## ASSIGNED TASK:
Transcribe word for word the lines below from the line with "Contemporary Wendy Brandes" through the line with "A 1950s stool", ends included.

*** Opening of SOURCE RECORDS ***

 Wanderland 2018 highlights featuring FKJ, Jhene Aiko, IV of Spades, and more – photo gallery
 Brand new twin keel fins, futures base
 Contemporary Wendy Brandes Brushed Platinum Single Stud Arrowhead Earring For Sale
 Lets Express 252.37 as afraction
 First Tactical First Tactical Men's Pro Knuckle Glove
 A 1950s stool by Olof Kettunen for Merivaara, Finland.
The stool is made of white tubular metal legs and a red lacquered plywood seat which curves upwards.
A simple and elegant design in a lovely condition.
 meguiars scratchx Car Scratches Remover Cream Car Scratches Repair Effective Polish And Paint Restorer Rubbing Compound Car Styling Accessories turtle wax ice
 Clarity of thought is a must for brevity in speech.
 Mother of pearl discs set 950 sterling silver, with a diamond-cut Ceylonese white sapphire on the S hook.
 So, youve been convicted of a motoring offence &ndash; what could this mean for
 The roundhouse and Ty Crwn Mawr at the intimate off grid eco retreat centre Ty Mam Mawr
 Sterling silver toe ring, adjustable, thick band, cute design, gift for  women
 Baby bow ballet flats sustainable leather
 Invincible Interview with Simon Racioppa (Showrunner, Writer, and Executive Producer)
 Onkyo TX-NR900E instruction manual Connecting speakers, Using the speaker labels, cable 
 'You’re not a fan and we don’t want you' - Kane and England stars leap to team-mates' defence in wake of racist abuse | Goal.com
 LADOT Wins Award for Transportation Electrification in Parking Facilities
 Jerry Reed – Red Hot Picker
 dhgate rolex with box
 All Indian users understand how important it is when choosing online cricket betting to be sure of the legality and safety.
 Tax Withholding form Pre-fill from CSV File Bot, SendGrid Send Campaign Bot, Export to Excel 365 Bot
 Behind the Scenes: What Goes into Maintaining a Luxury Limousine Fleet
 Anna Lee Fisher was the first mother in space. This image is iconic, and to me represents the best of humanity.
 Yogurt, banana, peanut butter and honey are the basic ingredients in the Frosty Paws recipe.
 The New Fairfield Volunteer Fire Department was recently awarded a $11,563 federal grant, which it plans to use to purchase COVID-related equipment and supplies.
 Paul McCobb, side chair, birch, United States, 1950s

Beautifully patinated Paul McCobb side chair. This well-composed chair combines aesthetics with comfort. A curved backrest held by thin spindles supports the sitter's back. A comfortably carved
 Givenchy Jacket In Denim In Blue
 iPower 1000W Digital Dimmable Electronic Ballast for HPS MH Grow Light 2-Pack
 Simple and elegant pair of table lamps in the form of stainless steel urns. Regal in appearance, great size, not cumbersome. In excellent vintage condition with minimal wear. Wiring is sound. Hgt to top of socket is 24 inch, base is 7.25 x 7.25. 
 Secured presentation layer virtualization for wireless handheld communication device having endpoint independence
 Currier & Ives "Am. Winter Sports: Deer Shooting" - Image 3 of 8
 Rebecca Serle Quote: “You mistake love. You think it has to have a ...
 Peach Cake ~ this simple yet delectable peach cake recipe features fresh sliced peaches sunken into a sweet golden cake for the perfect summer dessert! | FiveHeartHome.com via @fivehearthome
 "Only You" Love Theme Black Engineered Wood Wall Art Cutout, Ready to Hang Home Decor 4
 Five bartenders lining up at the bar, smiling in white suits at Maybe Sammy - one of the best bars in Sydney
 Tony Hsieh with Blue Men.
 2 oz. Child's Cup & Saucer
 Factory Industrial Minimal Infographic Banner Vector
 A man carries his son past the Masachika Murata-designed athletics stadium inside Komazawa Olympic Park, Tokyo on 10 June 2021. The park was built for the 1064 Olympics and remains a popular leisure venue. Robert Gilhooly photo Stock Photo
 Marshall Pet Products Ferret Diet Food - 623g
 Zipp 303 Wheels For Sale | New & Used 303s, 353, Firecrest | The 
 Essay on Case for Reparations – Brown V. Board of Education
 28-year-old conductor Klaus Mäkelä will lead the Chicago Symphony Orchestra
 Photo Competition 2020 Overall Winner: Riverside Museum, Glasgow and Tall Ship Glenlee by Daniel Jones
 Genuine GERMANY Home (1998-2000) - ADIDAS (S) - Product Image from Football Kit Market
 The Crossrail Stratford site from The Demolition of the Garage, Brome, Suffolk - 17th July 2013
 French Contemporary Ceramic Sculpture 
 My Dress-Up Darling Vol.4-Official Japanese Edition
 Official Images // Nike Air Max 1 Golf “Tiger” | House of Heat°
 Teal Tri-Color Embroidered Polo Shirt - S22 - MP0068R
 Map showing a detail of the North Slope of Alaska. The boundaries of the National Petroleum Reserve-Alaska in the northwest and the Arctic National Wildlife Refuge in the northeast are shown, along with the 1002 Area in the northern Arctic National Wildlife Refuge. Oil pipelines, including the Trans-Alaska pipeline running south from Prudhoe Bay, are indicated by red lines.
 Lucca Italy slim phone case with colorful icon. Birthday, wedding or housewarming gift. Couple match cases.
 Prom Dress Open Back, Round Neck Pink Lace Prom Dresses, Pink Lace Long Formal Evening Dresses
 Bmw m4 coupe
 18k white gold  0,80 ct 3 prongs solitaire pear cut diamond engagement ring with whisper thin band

*** Close of SOURCE RECORDS ***

## TASK OUTPUT:
 Contemporary Wendy Brandes Brushed Platinum Single Stud Arrowhead Earring For Sale
 Lets Express 252.37 as afraction
 First Tactical First Tactical Men's Pro Knuckle Glove
 A 1950s stool by Olof Kettunen for Merivaara, Finland.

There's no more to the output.